# Dispositivo grabador de CD no reconocido por gentoo.

## porqueami

Hola, estoy intentando hacer funcionar mi grabador/lector de CD y DVD en Gentoo pero parece que se resiste...

Antes de nada tengo que decir que se trata de un grabador extraño que siempre ha tenido problemas en Linux (es incapaz de grabar DVDs, dejándolos inutilizables a veces, sólo graba correctamente un DVD regrabable y al tercer intento, con los CDs va perfecto y como lector es una maravilla), además, en todos los sistemas GNU/Linux que he tenido el dispositivo es reconocido como /dev/hda (ya sé que suena extraño, pero es así).

No es un problema del Hardware porque Debian y otras lo reconocen correctamente, el kernel lo he compilado habilitando todas las opciones posibles relacionadas con lectores/grabadores de CD/DVD, aunque no descarto que se me haya quedado algún módulo sin cargar.

Gracias de antemano

----------

## Inodoro_Pereyra

Y cual es exactamente el problema? 

Empieza por revisar la salida de dmesg a ver si tu kernel reconoce tu unidad y que nombre le asigna. De ahi en mas vamos viendo...

Salud!

----------

## porqueami

El problema es que no puedo ni siquiera leer CDs en Gentoo (aunque la grabadora no grabe bien los DVDs, me sirve como grabador de CDs y lector de CD/DVD)
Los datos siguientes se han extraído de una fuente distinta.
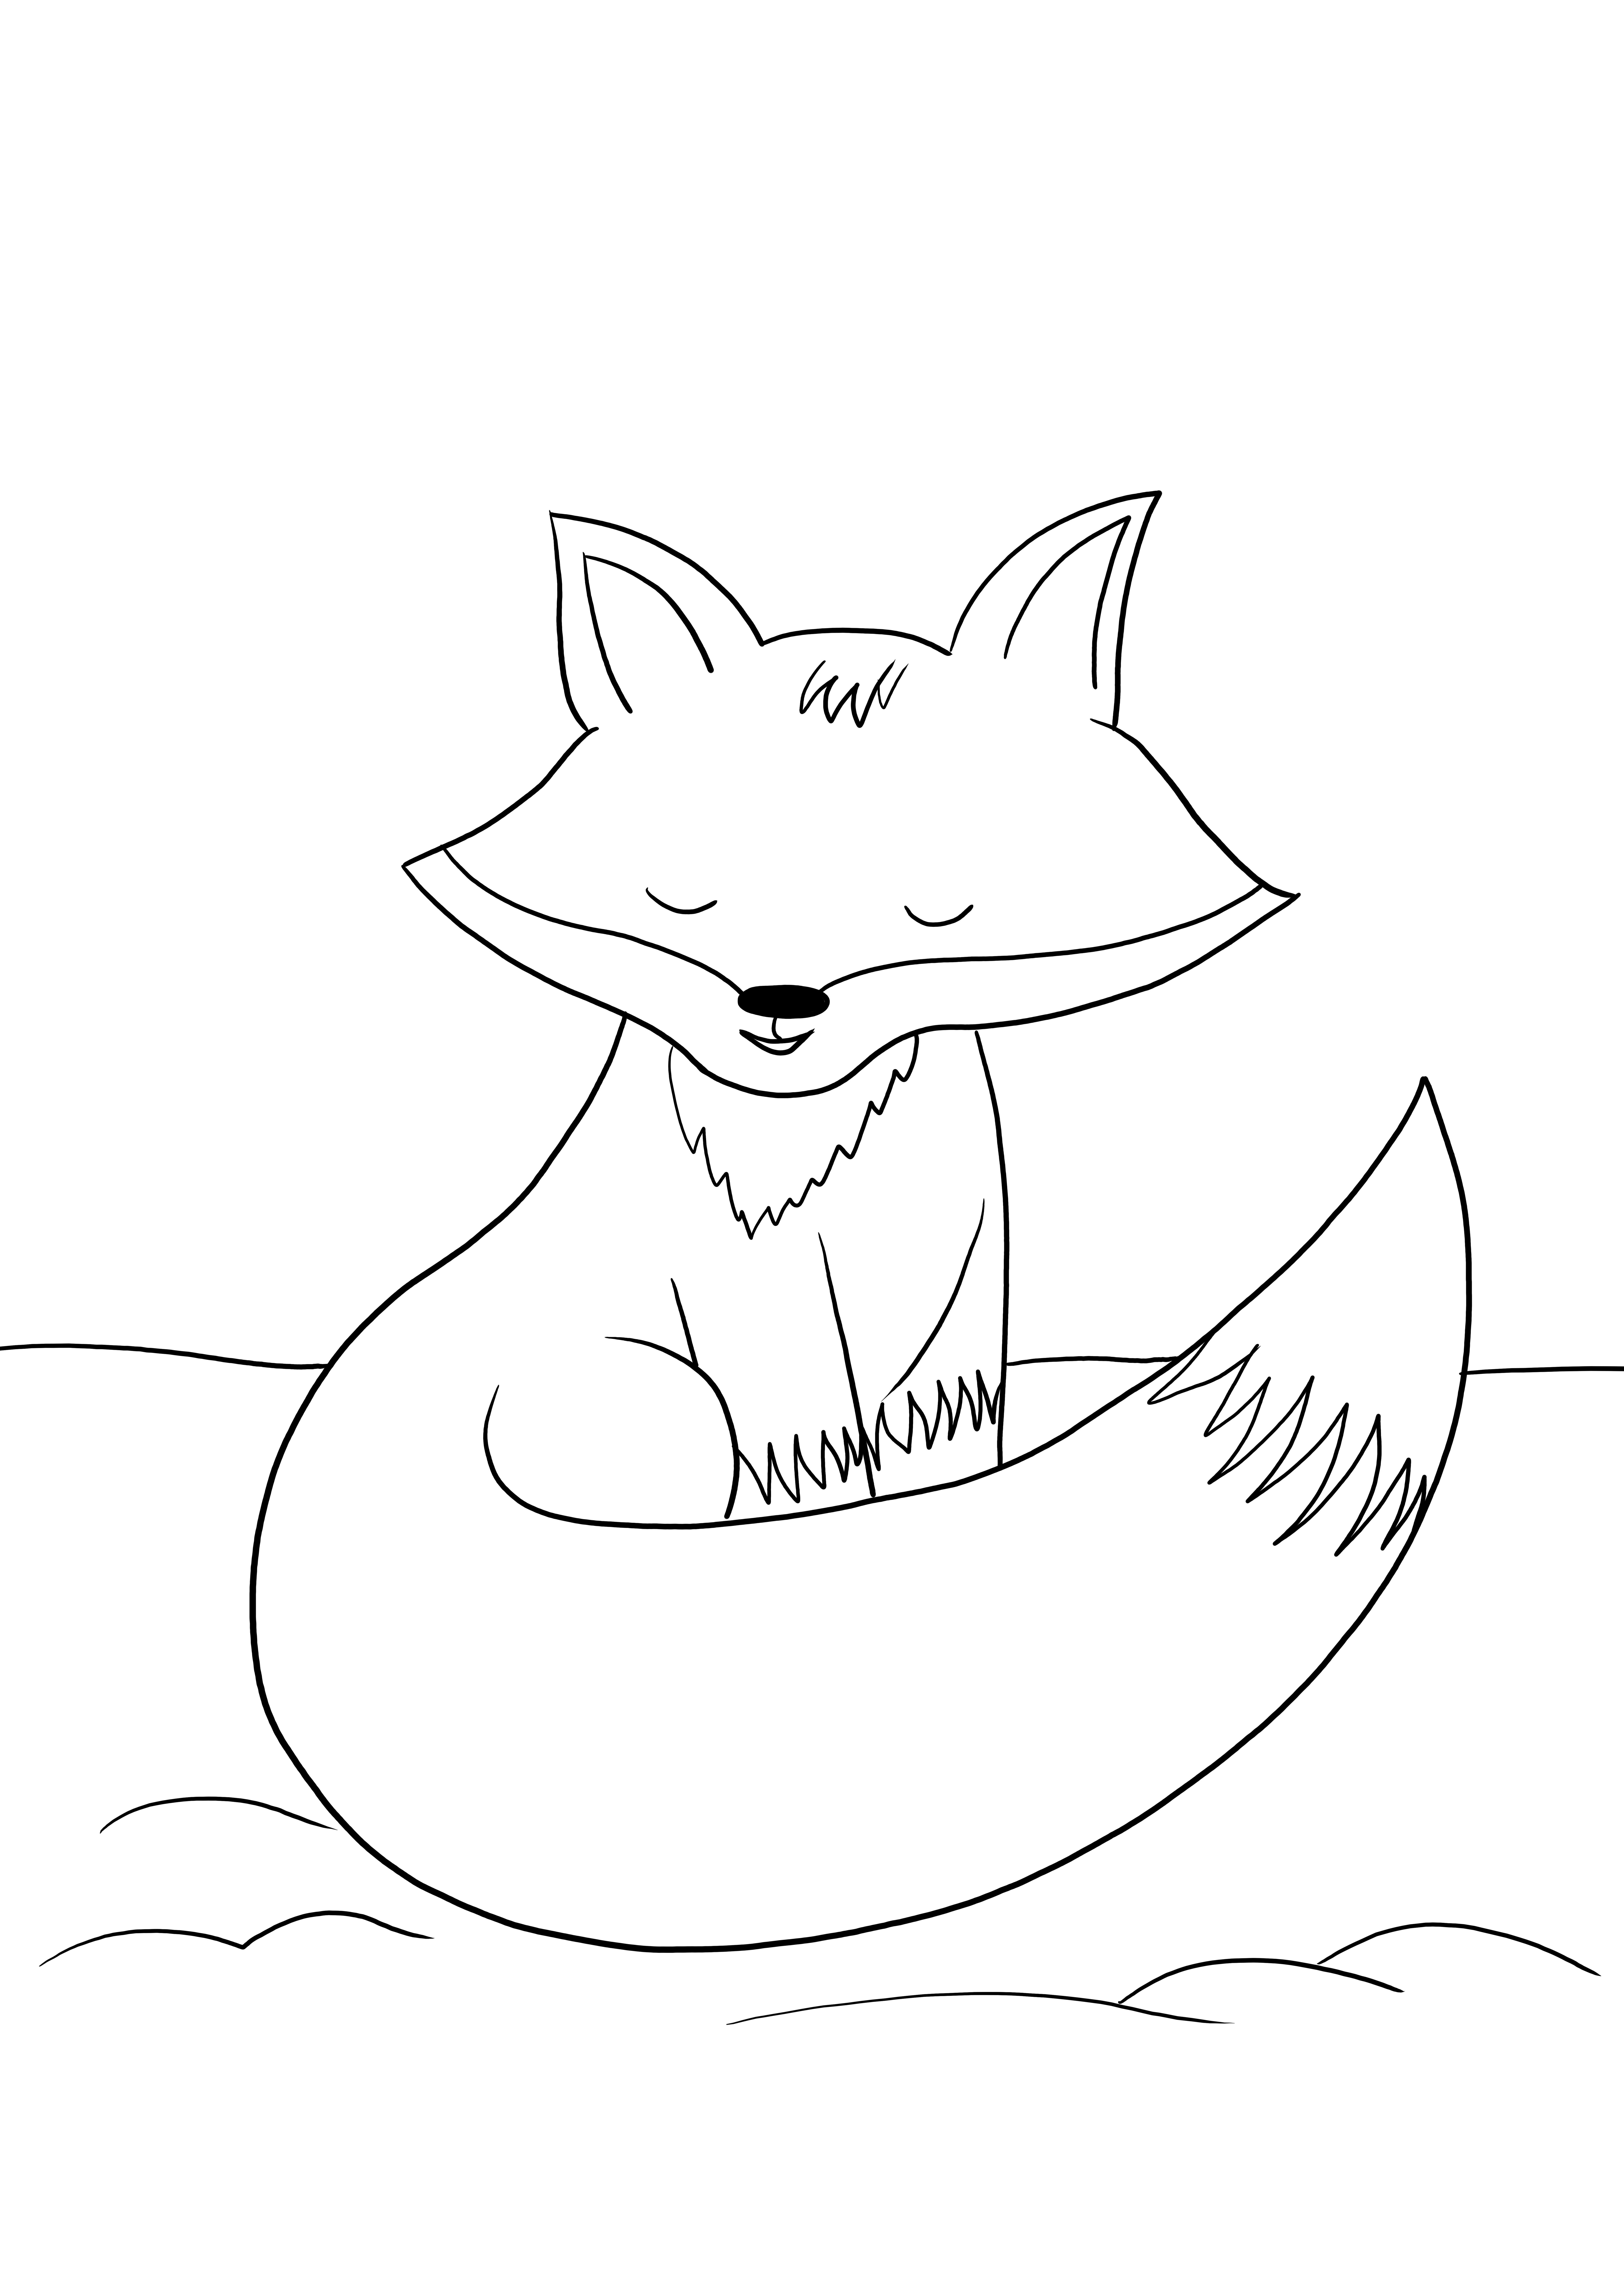 Un coloriage simple d'un renard à imprimer gratuitement

En la salida del comando dmesg estoy un poco perdido, no sé si es que no ha reconocido el dispositivo o si es que yo no lo localizo en la salida. Algunas cosas que he considerado interesantes:

[    1.664019] ata1: SATA link up 3.0 Gbps (SStatus 123 SControl 300)                                  
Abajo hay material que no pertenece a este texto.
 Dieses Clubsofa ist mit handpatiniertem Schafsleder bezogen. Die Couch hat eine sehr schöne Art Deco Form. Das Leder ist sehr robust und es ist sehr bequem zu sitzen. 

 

[    1.674325] ata1.00: ATA-8: WDC WD5000AACS-00ZUB0, 01.01B01, max UDMA/133                           

[    1.674554] ata1.00: 976773168 sectors, multi 0: LBA48 NCQ (depth 31/32)                            

[    1.675516] ata1.00: configured for UDMA/133

----------

## pcmaster

Te reconoce como hda la grabadora porque la tienes como MASTER conectada al canal IDE primario, el disco duro lo tendrás como sda porque será SATA.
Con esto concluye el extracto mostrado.